What you need to do -> Copy the data exactly. Images are to be left out.

Given data ->
┌──

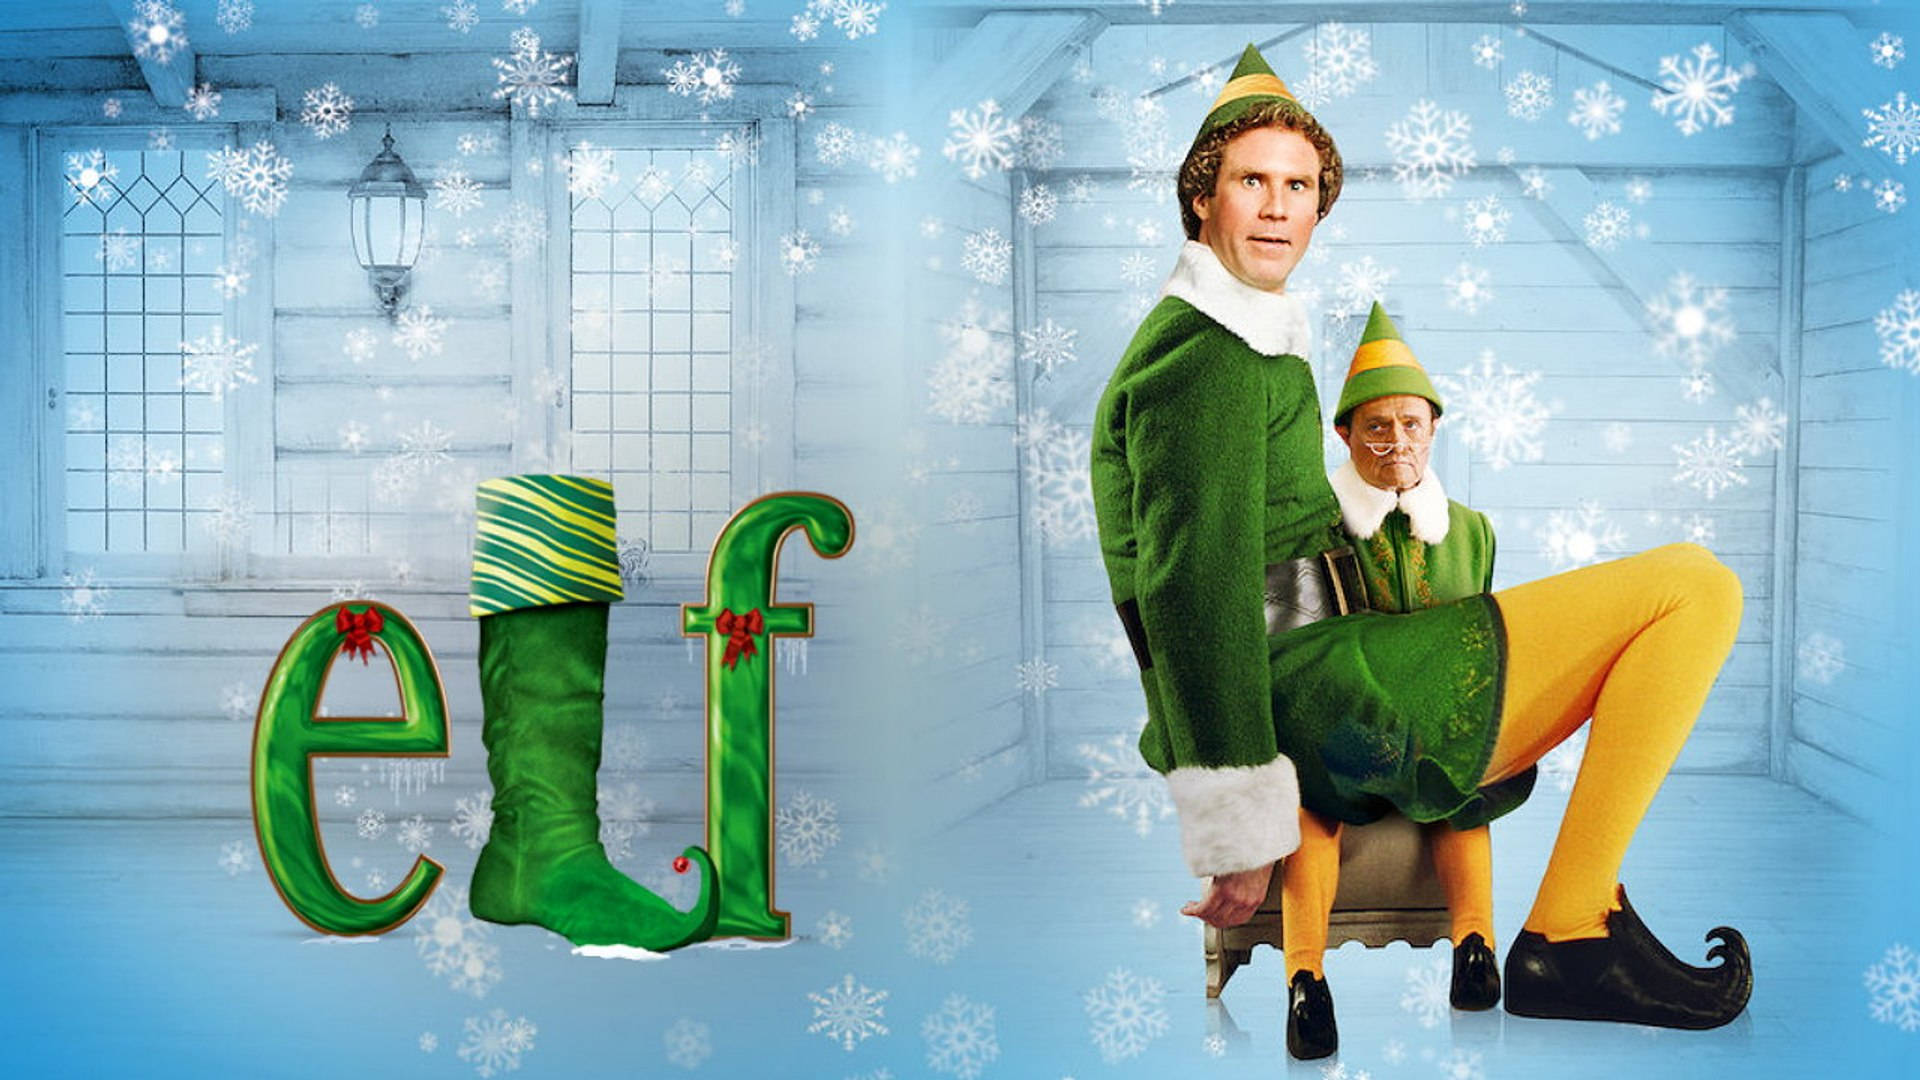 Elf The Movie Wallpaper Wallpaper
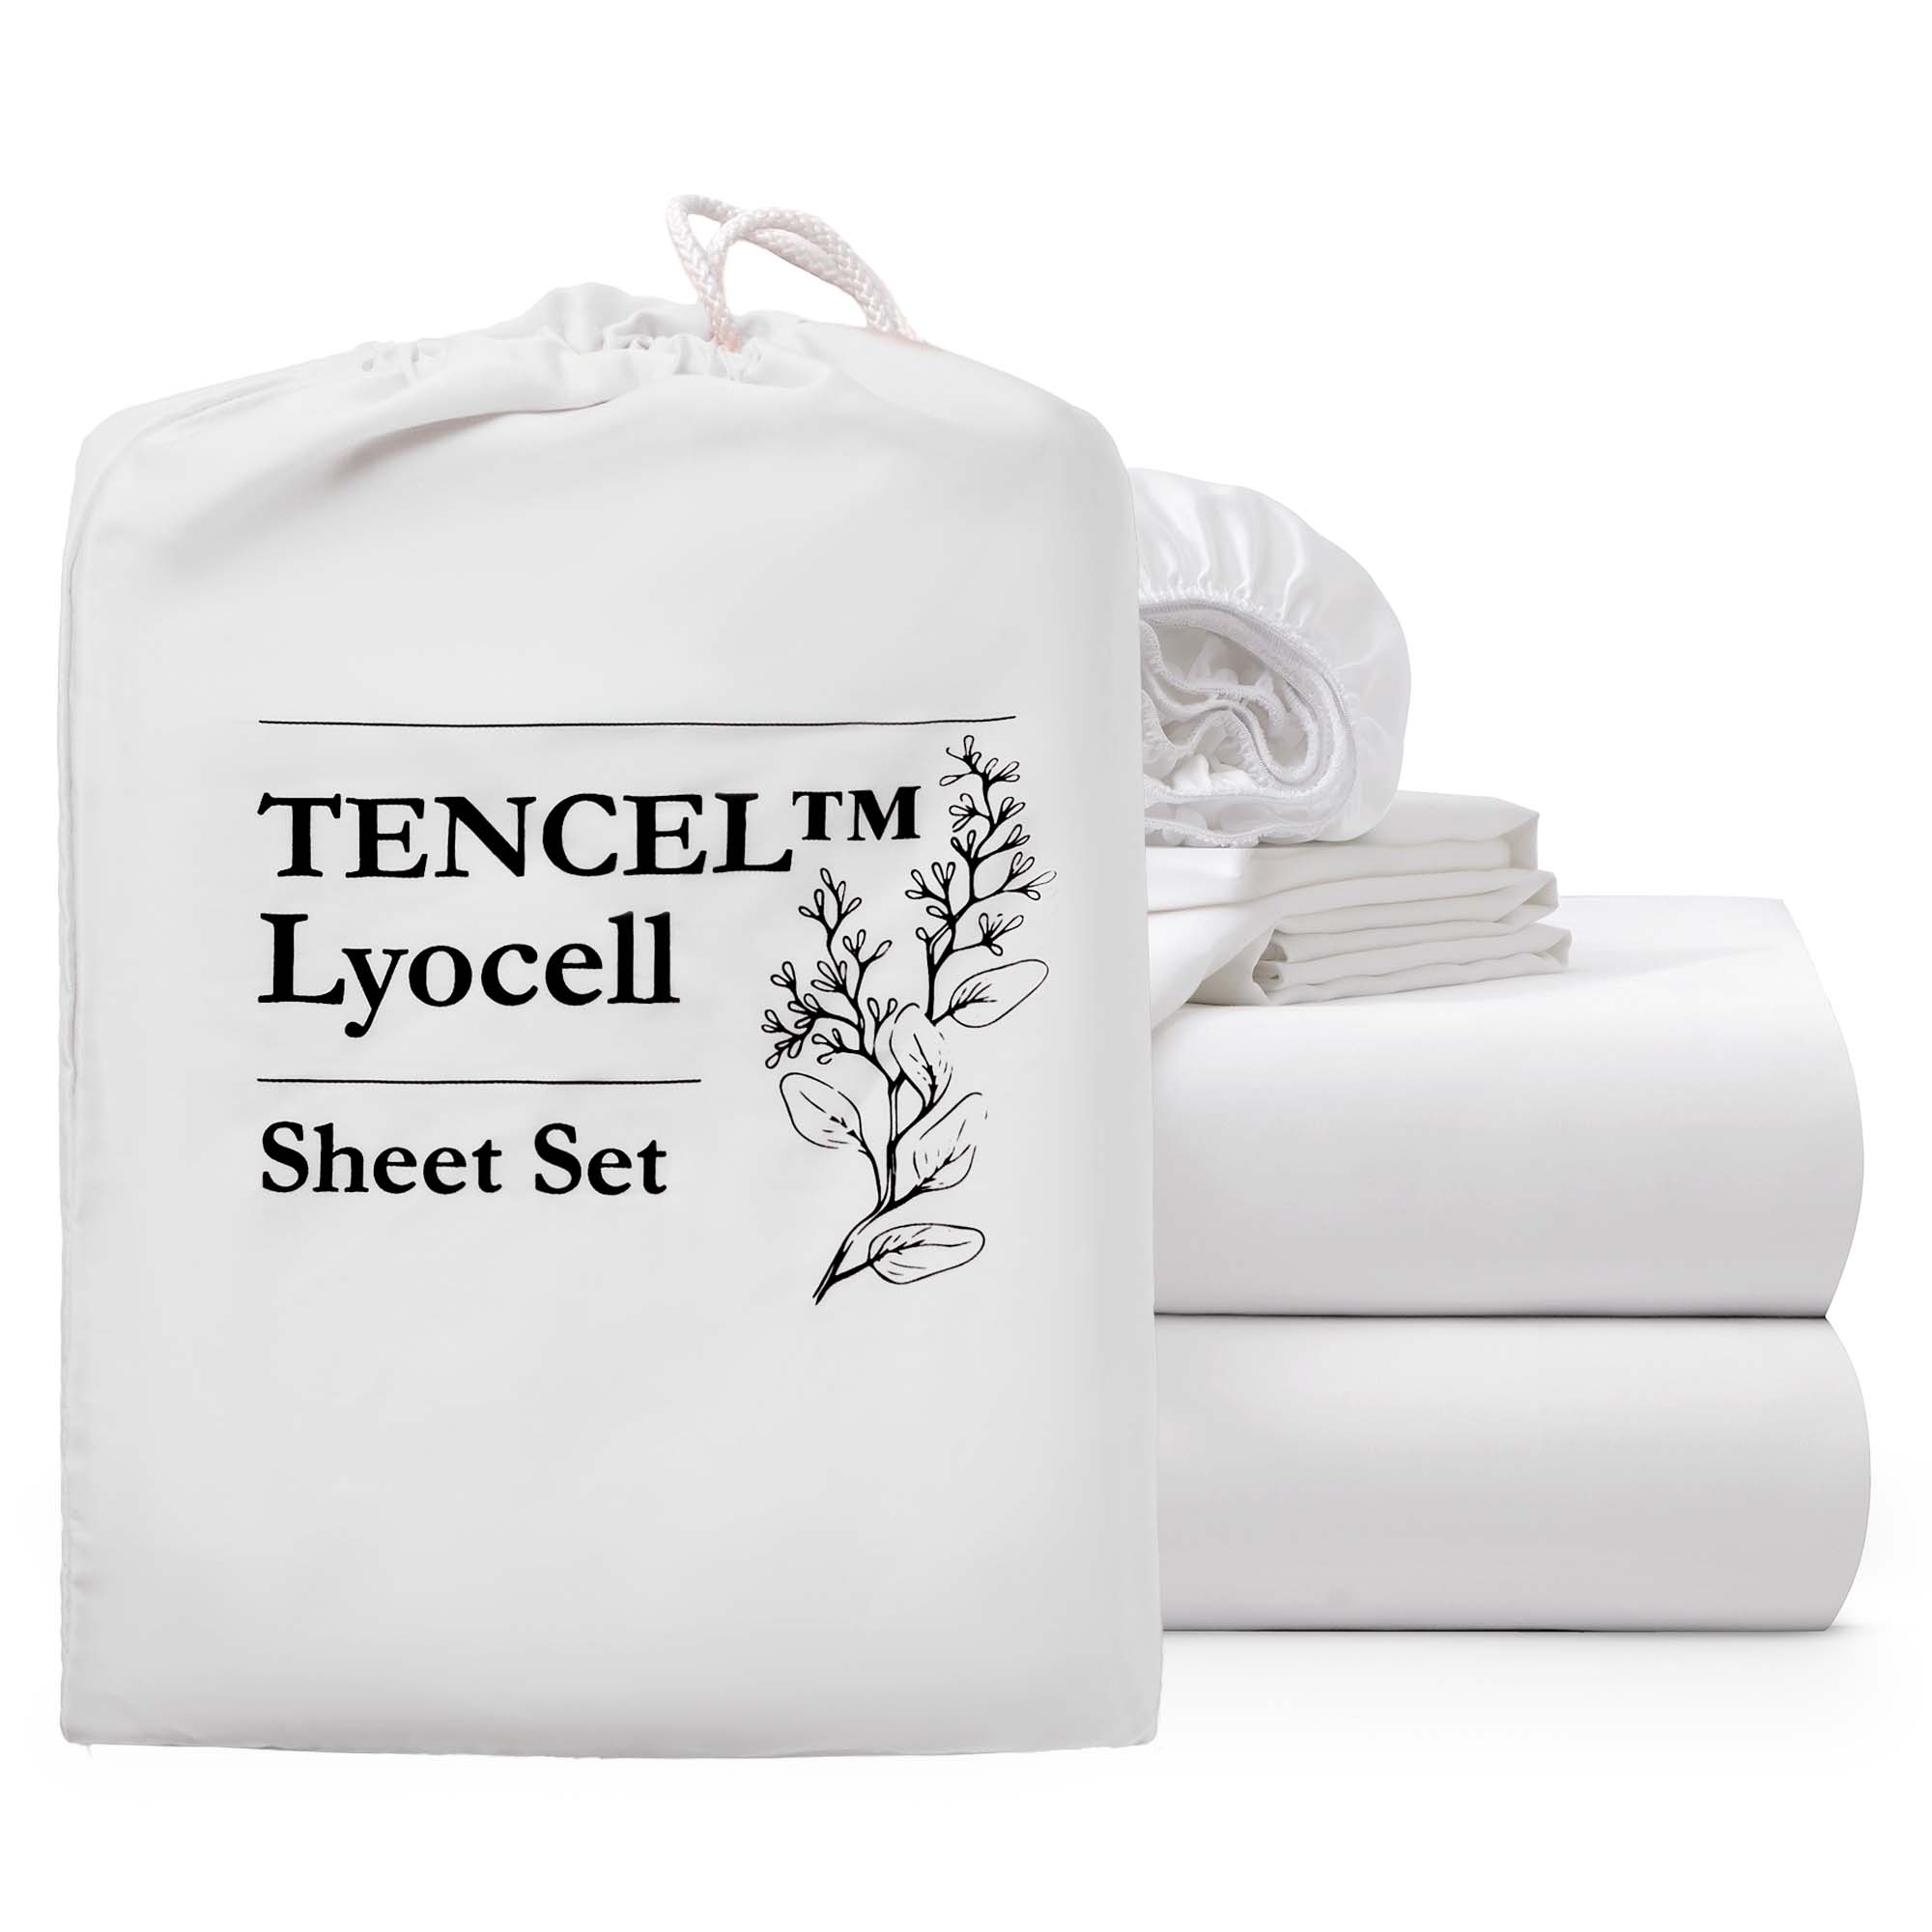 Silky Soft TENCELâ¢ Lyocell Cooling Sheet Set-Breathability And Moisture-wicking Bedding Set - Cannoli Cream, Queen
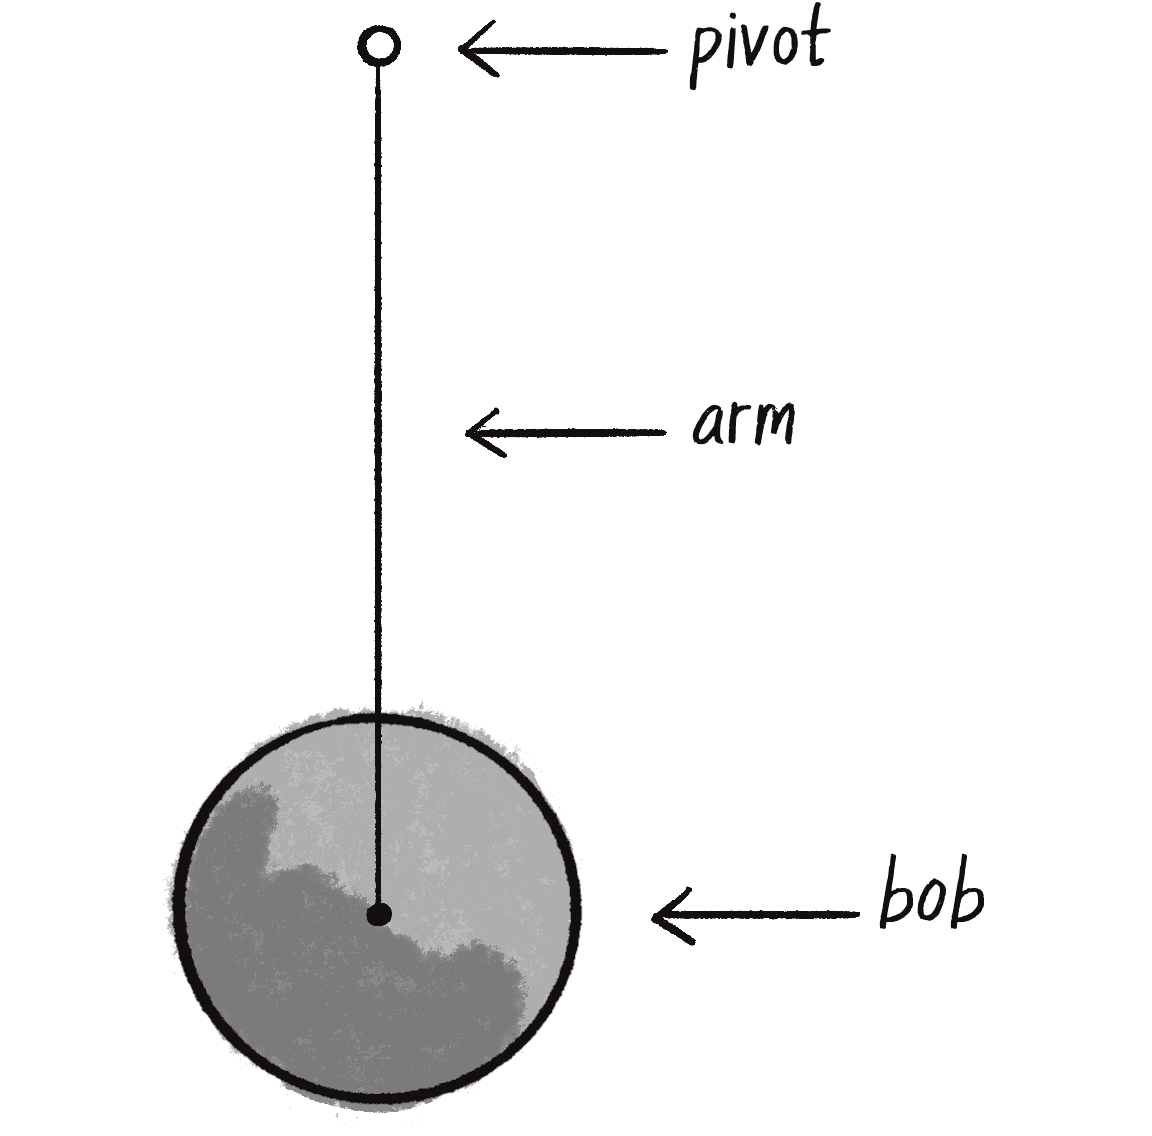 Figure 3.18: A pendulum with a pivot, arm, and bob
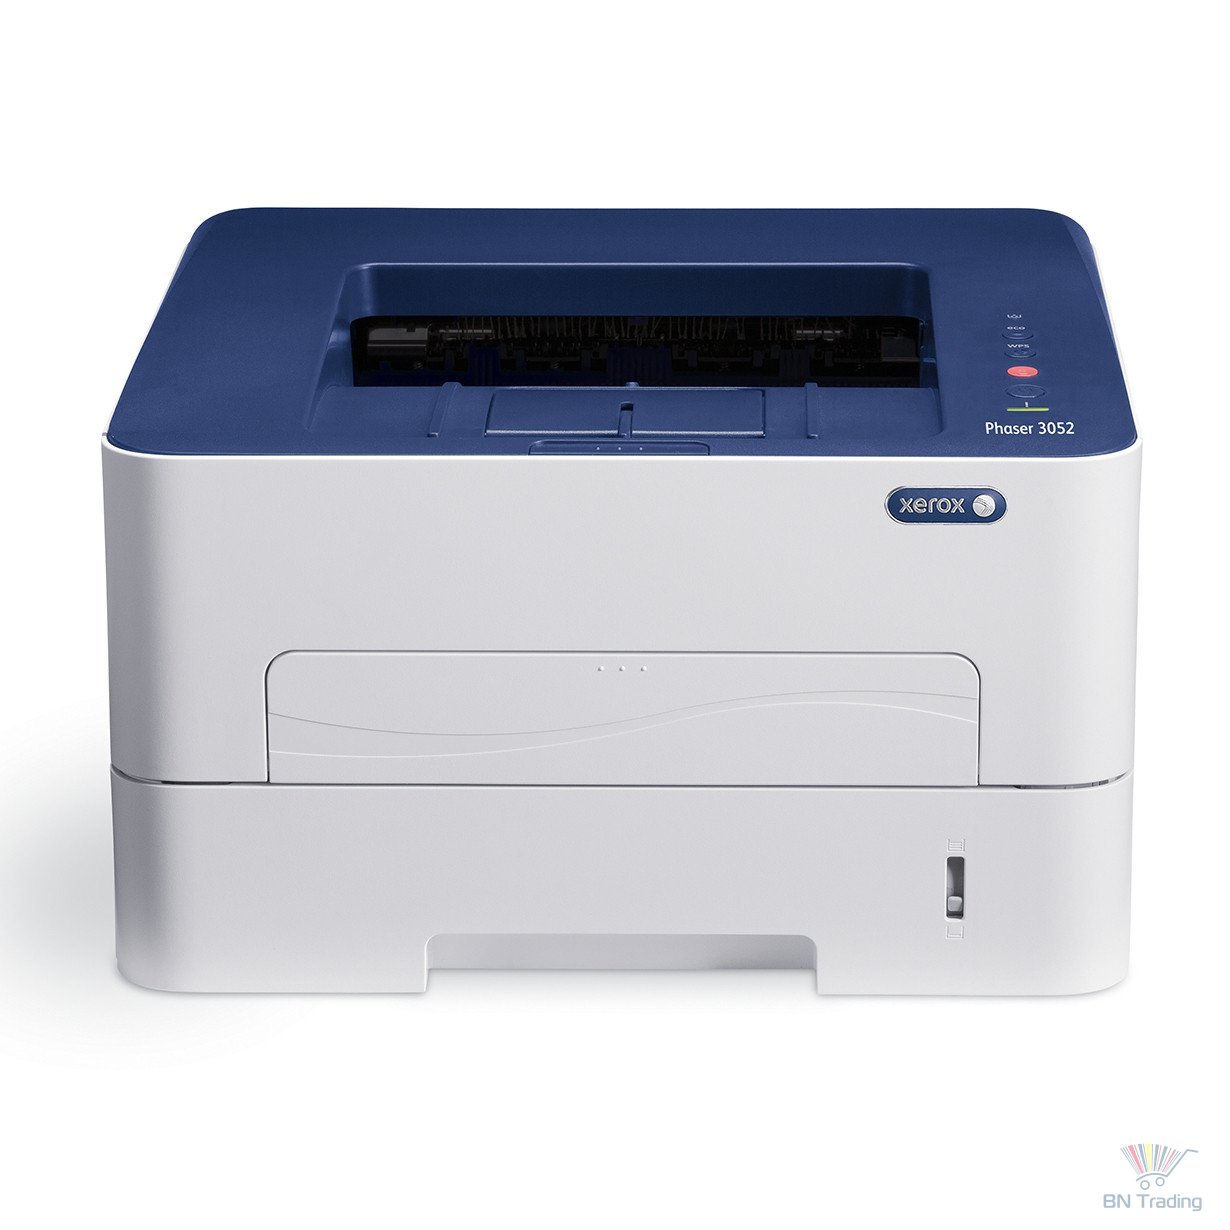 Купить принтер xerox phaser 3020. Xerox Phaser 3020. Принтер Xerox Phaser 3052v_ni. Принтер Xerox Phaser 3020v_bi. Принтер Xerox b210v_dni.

└──

Answer to the problem ->
 Elf The Movie Wallpaper Wallpaper
 Silky Soft TENCELâ¢ Lyocell Cooling Sheet Set-Breathability And Moisture-wicking Bedding Set - Cannoli Cream, Queen
 Figure 3.18: A pendulum with a pivot, arm, and bob
 Купить принтер xerox phaser 3020. Xerox Phaser 3020. Принтер Xerox Phaser 3052v_ni. Принтер Xerox Phaser 3020v_bi. Принтер Xerox b210v_dni.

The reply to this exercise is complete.